3.1. More detailed explanation of basic sed

    Sed takes a script of editing commands and applies each command, in
    order, to each line of input. After all the commands have been
    applied to the first line of input, that line is output. A second
    input line is taken for processing, and the cycle repeats. Sed
    scripts can address a single line by line number or by matching a
    /RE pattern/ on the line. An exclamation mark '!' after a regex
    ('/RE/!') or line number will select all lines that do NOT match
    that address. Sed can also address a range of lines in the same
    manner, using a comma to separate the 2 addresses.

       $d               # delete the last line of the file
       /[0-9]\{3\}/p    # print lines with 3 consecutive digits
       5!s/ham/cheese/  # except on line 5, replace 'ham' with 'cheese'
       /awk/!s/aaa/bb/  # unless 'awk' is found, replace 'aaa' with 'bb'
       17,/foo/d        # delete all lines from line 17 up to 'foo'

    Following an address or address range, sed accepts curly braces
    '{...}' so several commands may be applied to that line or to the
    lines matched by the address range. On the command line, semicolons
    ';' separate each instruction and must precede the closing brace.

       sed '/Owner:/{s/yours/mine/g;s/your/my/g;s/you/me/g;}' file

    Range addresses operate differently depending on which version of
    sed is used (see section 6.8.5, below). For further information on
    using sed, consult the references in section 2.3, above. The online
    manual ("man pages") on Unix/Linux systems may be helpful (try "man
    sed"), but man pages are notoriously obscure for first-time users.

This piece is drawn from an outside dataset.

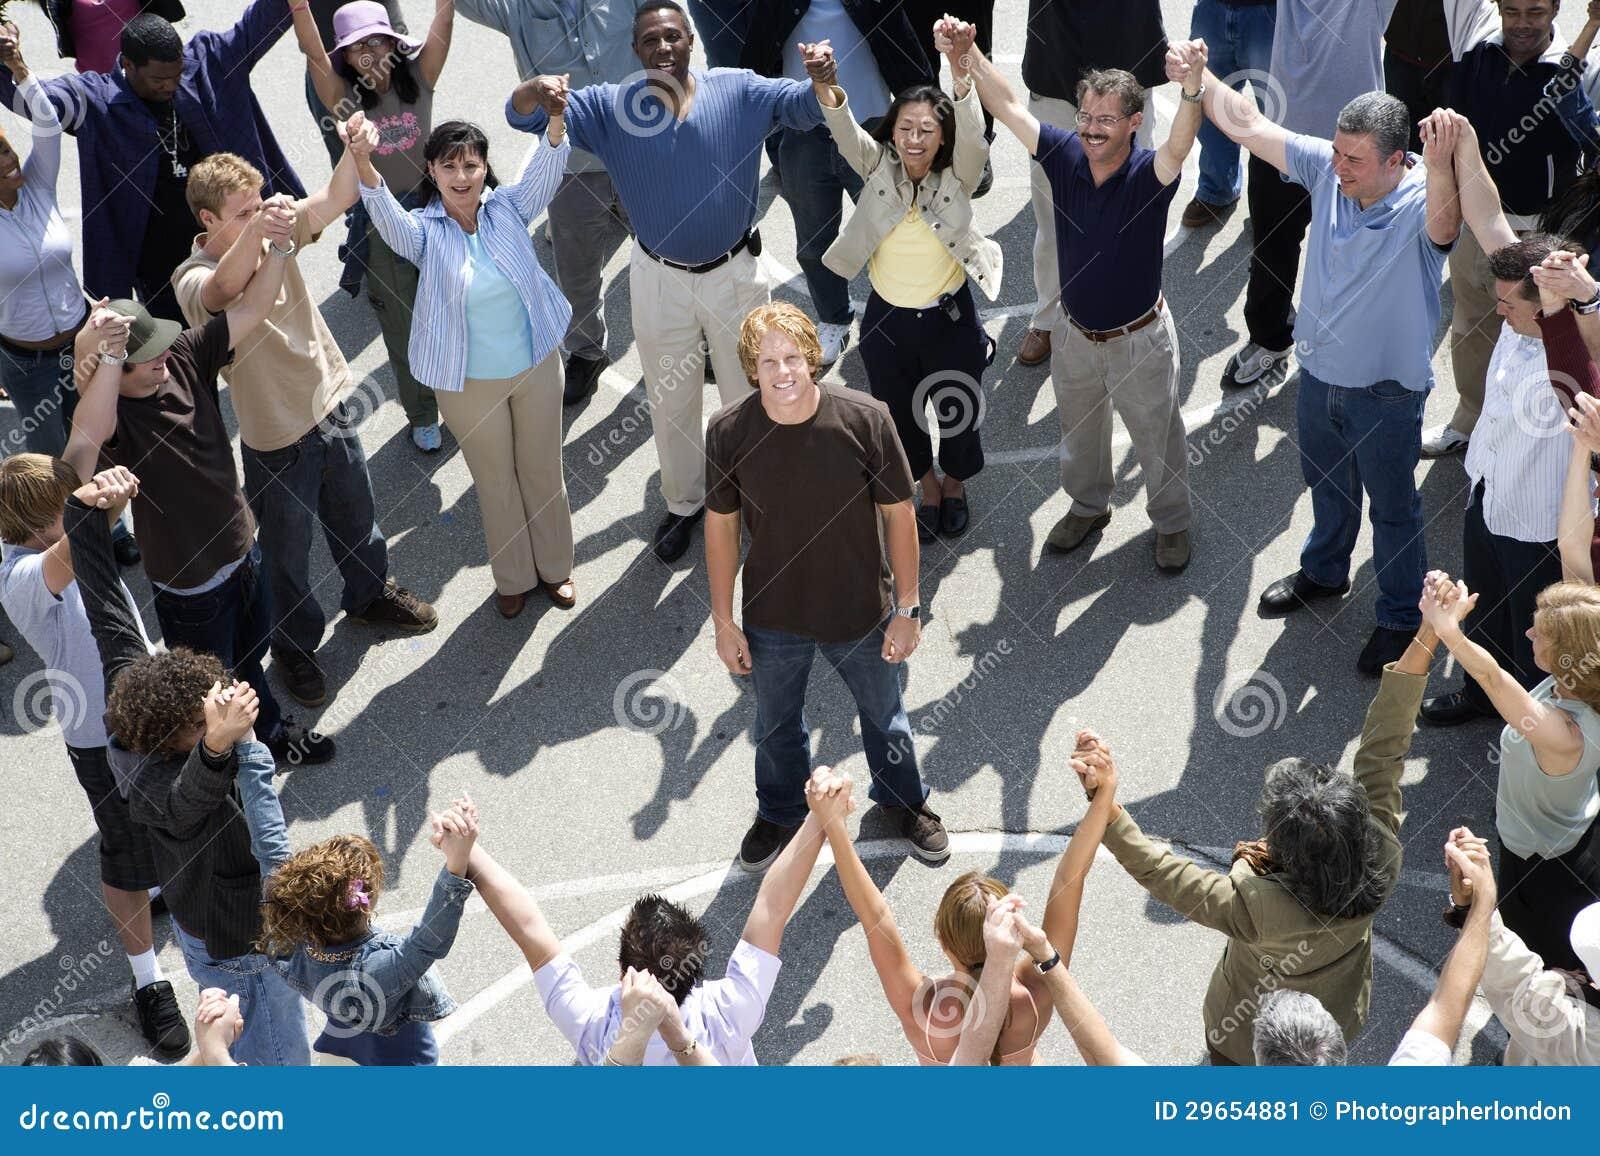 организовала встречу откормили толпой фото чем войти нее

3.2. Common one-line sed scripts

    A separate document of over 70 handy "one-line" sed commands is
    available at <http://www.cornerstonemag.com/sed/sed1line.txt>. Here        |
    are fourteen of the most common sed commands for one-line use.
    MS-DOS users should replace single quotes ('...') with double
    quotes ("...") in these examples. A specific filename ("file")
    usually follows the script, though the input may also come via
    piping ("sort somefile | sed 'somescript'").

    # 1. Double space a file
    sed G file

    # 2. Triple space a file
    sed 'G;G' file

    # 3. Under UNIX: convert DOS newlines (CR/LF) to Unix format
    sed 's/.$//' file    # assumes that all lines end with CR/LF
    sed 's/^M$// file    # in bash/tcsh, press Ctrl-V then Ctrl-M

    # 4. Under DOS: convert Unix newlines (LF) to DOS format
    sed 's/$//' file                     # method 1
    sed -n p file                        # method 2

    # 5. Delete leading whitespace (spaces/tabs) from front of each line
    # (this aligns all text flush left). '^t' represents a true tab
    # character. Under bash or tcsh, press Ctrl-V then Ctrl-I.
    sed 's/^[ ^t]*//' file

    # 6. Delete trailing whitespace (spaces/tabs) from end of each line
    sed 's/[ ^t]*$//' file               # see note on '^t', above

    # 7. Delete BOTH leading and trailing whitespace from each line
    sed 's/^[ ^t]*//;s/[ ^]*$//' file    # see note on '^t', above

    # 8. Substitute "foo" with "bar" on each line
    sed 's/foo/bar/' file        # replaces only 1st instance in a line
    sed 's/foo/bar/4' file       # replaces only 4th instance in a line
    sed 's/foo/bar/g' file       # replaces ALL instances within a line

    # 9. Substitute "foo" with "bar" ONLY for lines which contain "baz"
    sed '/baz/s/foo/bar/g' file

    # 10. Delete all CONSECUTIVE blank lines from file except the first.
    # This method also deletes all blank lines from top and end of file.
    # (emulates "cat -s")
    sed '/./,/^$/!d' file       # this allows 0 blanks at top, 1 at EOF
    sed '/^$/N;/\n$/D' file     # this allows 1 blank at top, 0 at EOF

    # 11. Delete all leading blank lines at top of file (only).
    sed '/./,$!d' file

    # 12. Delete all trailing blank lines at end of file (only).
    sed -e :a -e '/^\n*$/N;/\n$/ba' file

    # 13. If a line ends with a backslash, join the next line to it.
    sed -e :a -e '/\\$/N; s/\\\n//; ta' file

    # 14. If a line begins with an equal sign, append it to the
    # previous line (and replace the "=" with a single space).
    sed -e :a -e '$!N;s/\n=/ /;ta' -e 'P;D' file

3.3. Addressing and address ranges

    Sed commands may have an optional "address" or "address range"
    prefix. If there is no address or address range given, then the
    command is applied to all the lines of the input file or text
    stream. Three commands cannot take an address prefix:

    - labels, used to branch or jump within the script
    - the close brace, '}', which ends the '{' "command"
    - the '#' comment character, also technically a "command"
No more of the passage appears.